Thursday, May 24, 2007

Getting older

One our neighbours, Rose, a woman in either her late seventies or eighties collapsed while out shopping at the grocery store. Fortunately the clerks at the store knew who she was. One of the clerks from the store was able to drive her car back to her house. Rose was taken to the hospital. As she lives alone one of her friends took her small dog to care for it.

I often saw Rose sitting in her backyard since her house and ours shares the same back lane. in 1991 when Kathleen and I moved into our home Rose had moved into her mother's house to care for her mother who was unable to live alone. Over the next few years her mother's health deteriorated until she had to be placed in a nursing home. Rose faithfully visited her mother over the next couple of years. We often talked as Rose loved sitting in her back yard to take in the sun. Beyond her mother she did not say much about her family. When her mother died I saw Rose less frequently. This Winter her car rarely moved from its parking place. It was not until this morning that I found out how much Rose's health had changed over the winter.
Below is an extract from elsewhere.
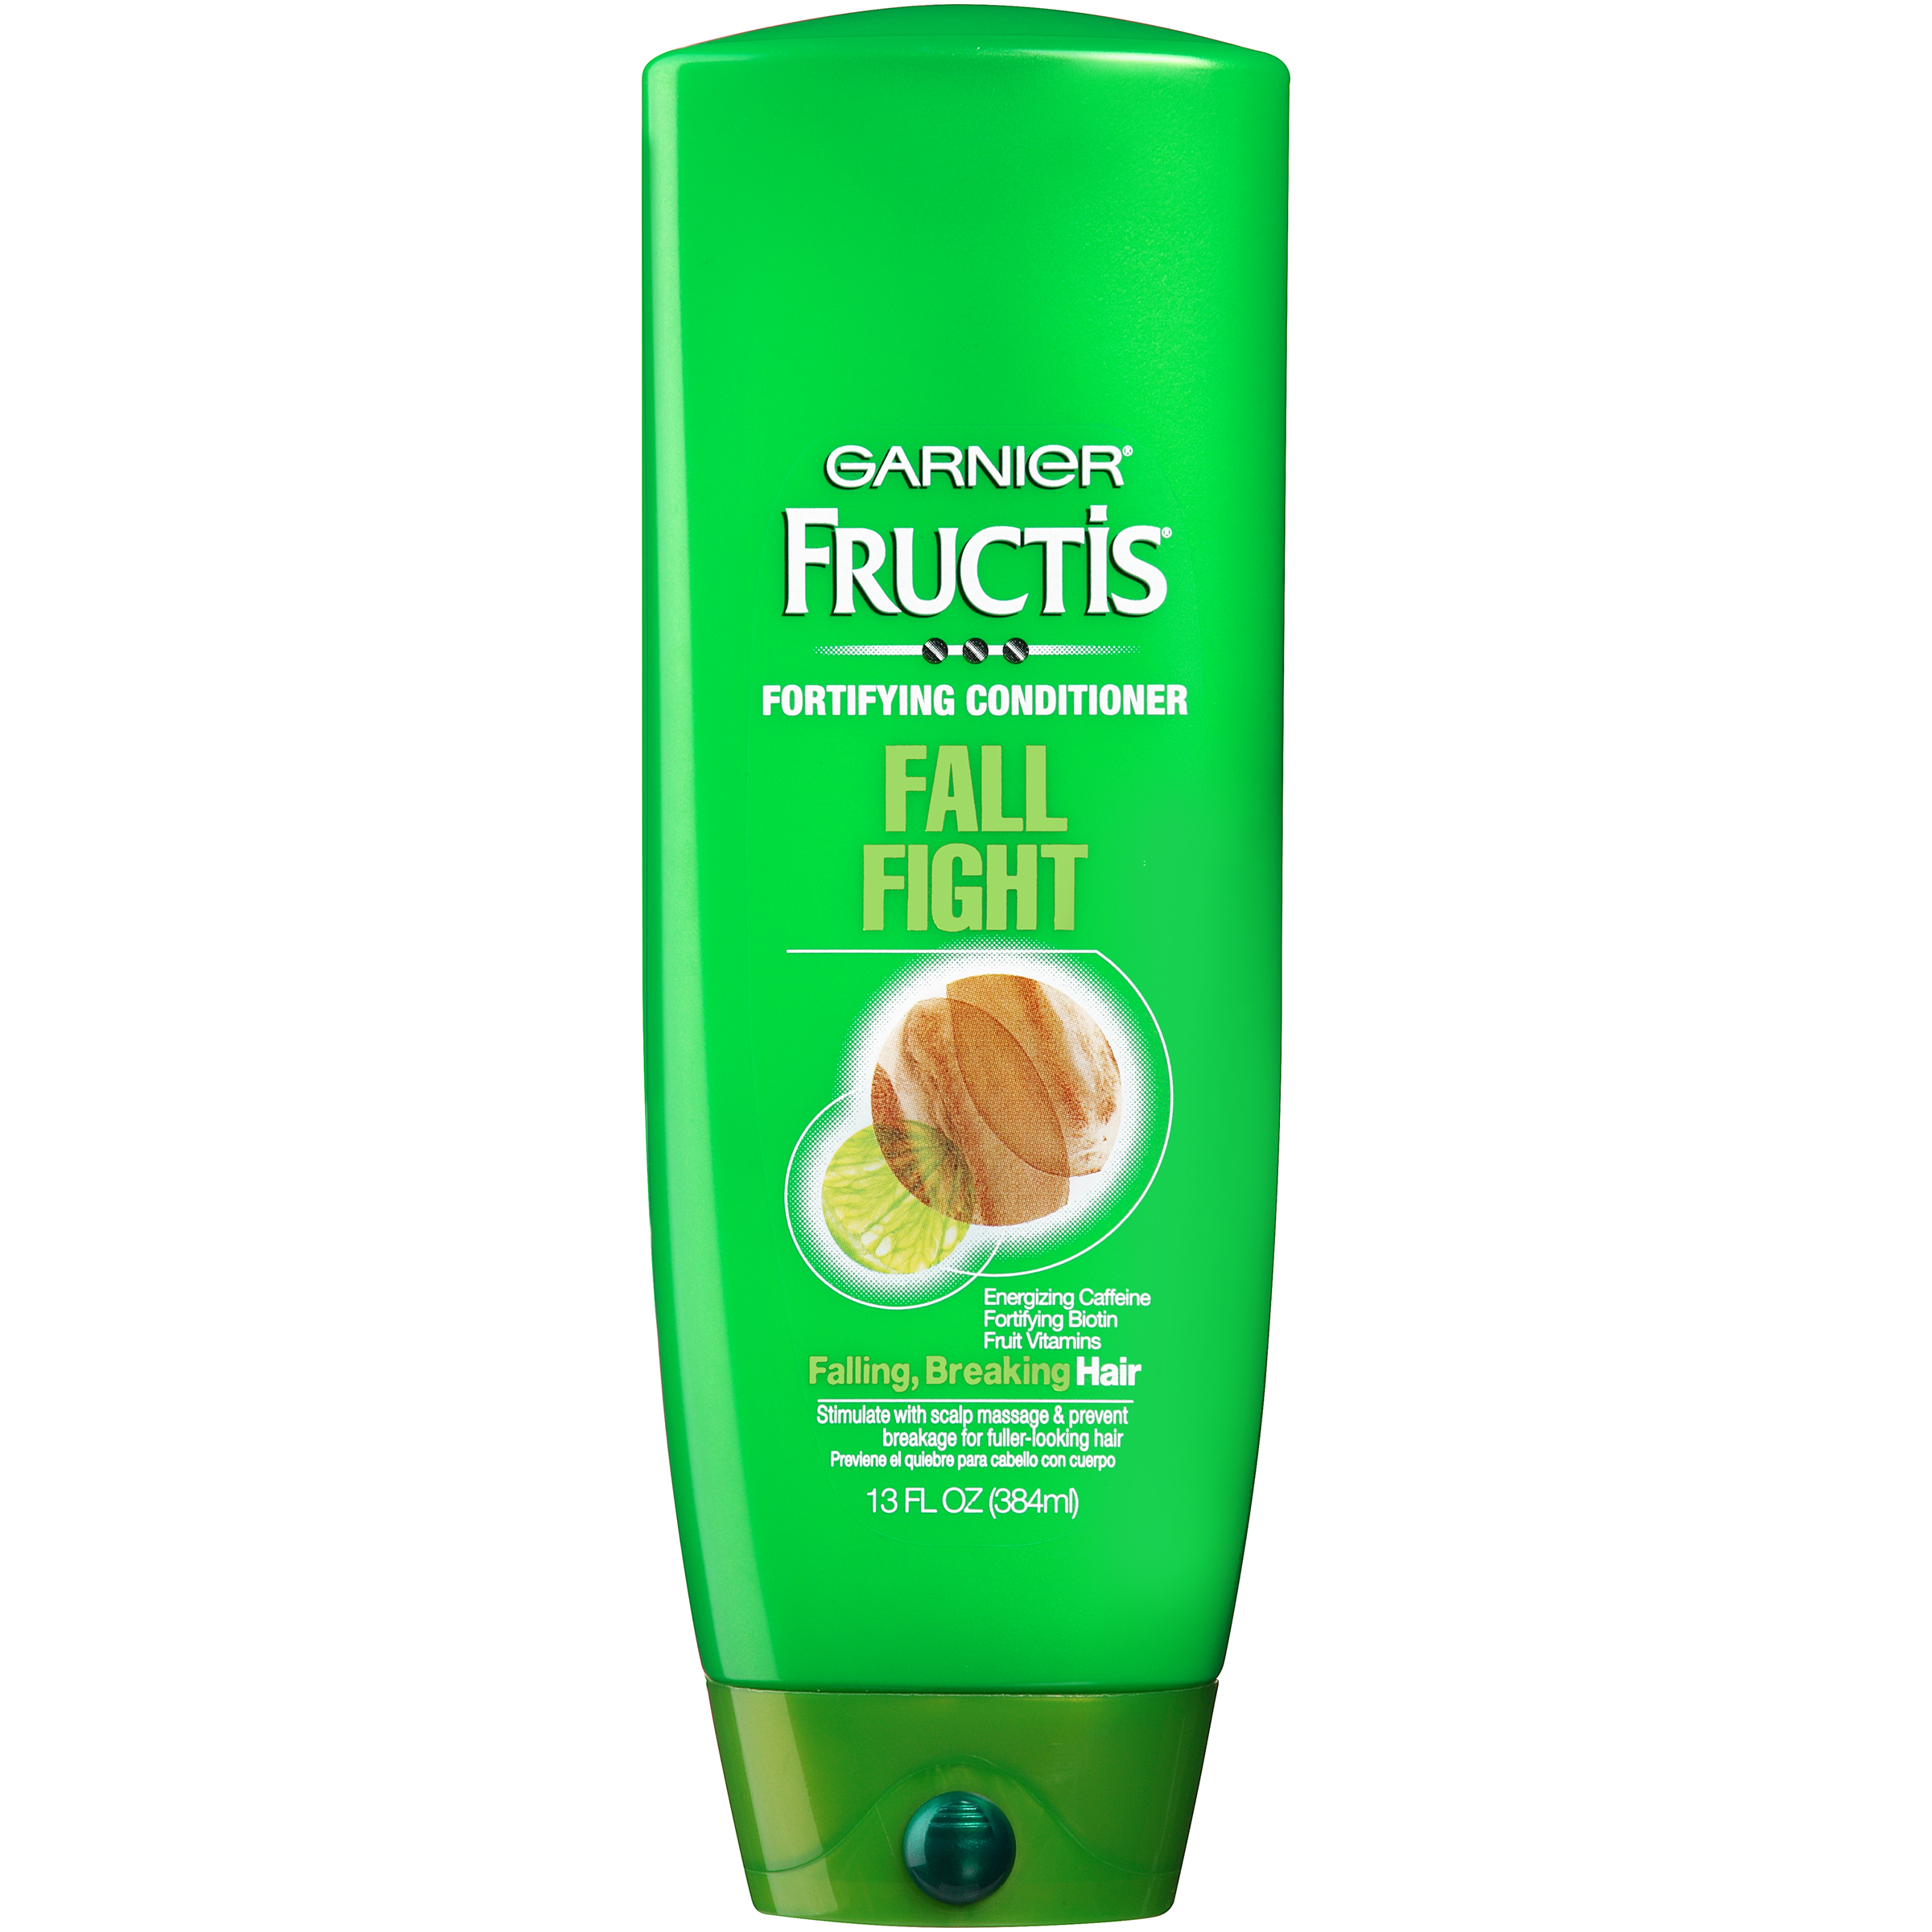 Garnier Fructis Fortifying Conditioner, Fall Fight, 13 fl oz (384 ml)

This morning I went to the garage to get the lawn mover out and mow the lawn. I watched a man carry a few boxes out from her house and place them in a truck. After I finished filling the mower with gas and had attached the grass catcher I went over to as him if he knew how Rose was doing. I found out that he was her brother. Rose was in the hospital doing fine. He was unsure if she would be able to return home. She would not be able to live alone. I asked him if her children knew their mother was in the hospital and I was told that the family did not know where her children were. Fortunately, after Rose had collapsed, one of the neighbours knew her sister's telephone number contacted her. The sister then contacted the brother.

Reading between the lines I was able to conclude that Rose had not been doing well for most of the winter. She had not been able to care for her house as she once had. The brother was busy cleaning up the hosuse and taking out many bags of trash to the truck to be taken to the dump. If Rose was having trouble, as evidenced by the deteriorating state of her house, why had her family not noticed and offered her help before her health deteriorated to the point she collapsed?

Our suburban neighbourhood was built during the late forties and early fifties and was intended for the many returning soldiers looking to start families. Many of these couples remained in he neighbourhood and are the original owners of the homes. Doing the math they are now in their late seventies/ early eighties. These seniors are beginning to sell and move out of the neighbourhood. Homes are "rolling over" from seniors to young families. Recently when taking a walk early one evening I noticed how many children I saw out playing. It was not all that long ago that one did not see many children in the neighbourhood. Another aspect of this "roll over" is seen in the large number of homes underging renovation as new families move in.

The changes in the neighbourhood leads me to reflect philosophically about what the future hold for each one of us. When advancing old age catches up with us, will we have been forgotten by family and friends as my neighbour was? How hard is it to move from a home lived in for many decades? New life is taking over from old which is good. When this change over from old to new occurs during the spring I find myself mourning the losses which occurs in order so that new life can take hold and thrive. It is like the Phoenix--through the flames of its death comes new life. I is a real joy to witness the renewal our neighbourhood has been undergoing for the past five or so years. It is sad that this joy comes at the expense of lives coming to their end stage. Couples moving from homes filled with a lifetime of memories. Wives or husbands loosing their spouse of many years. Joy and sadness; sadness and joy.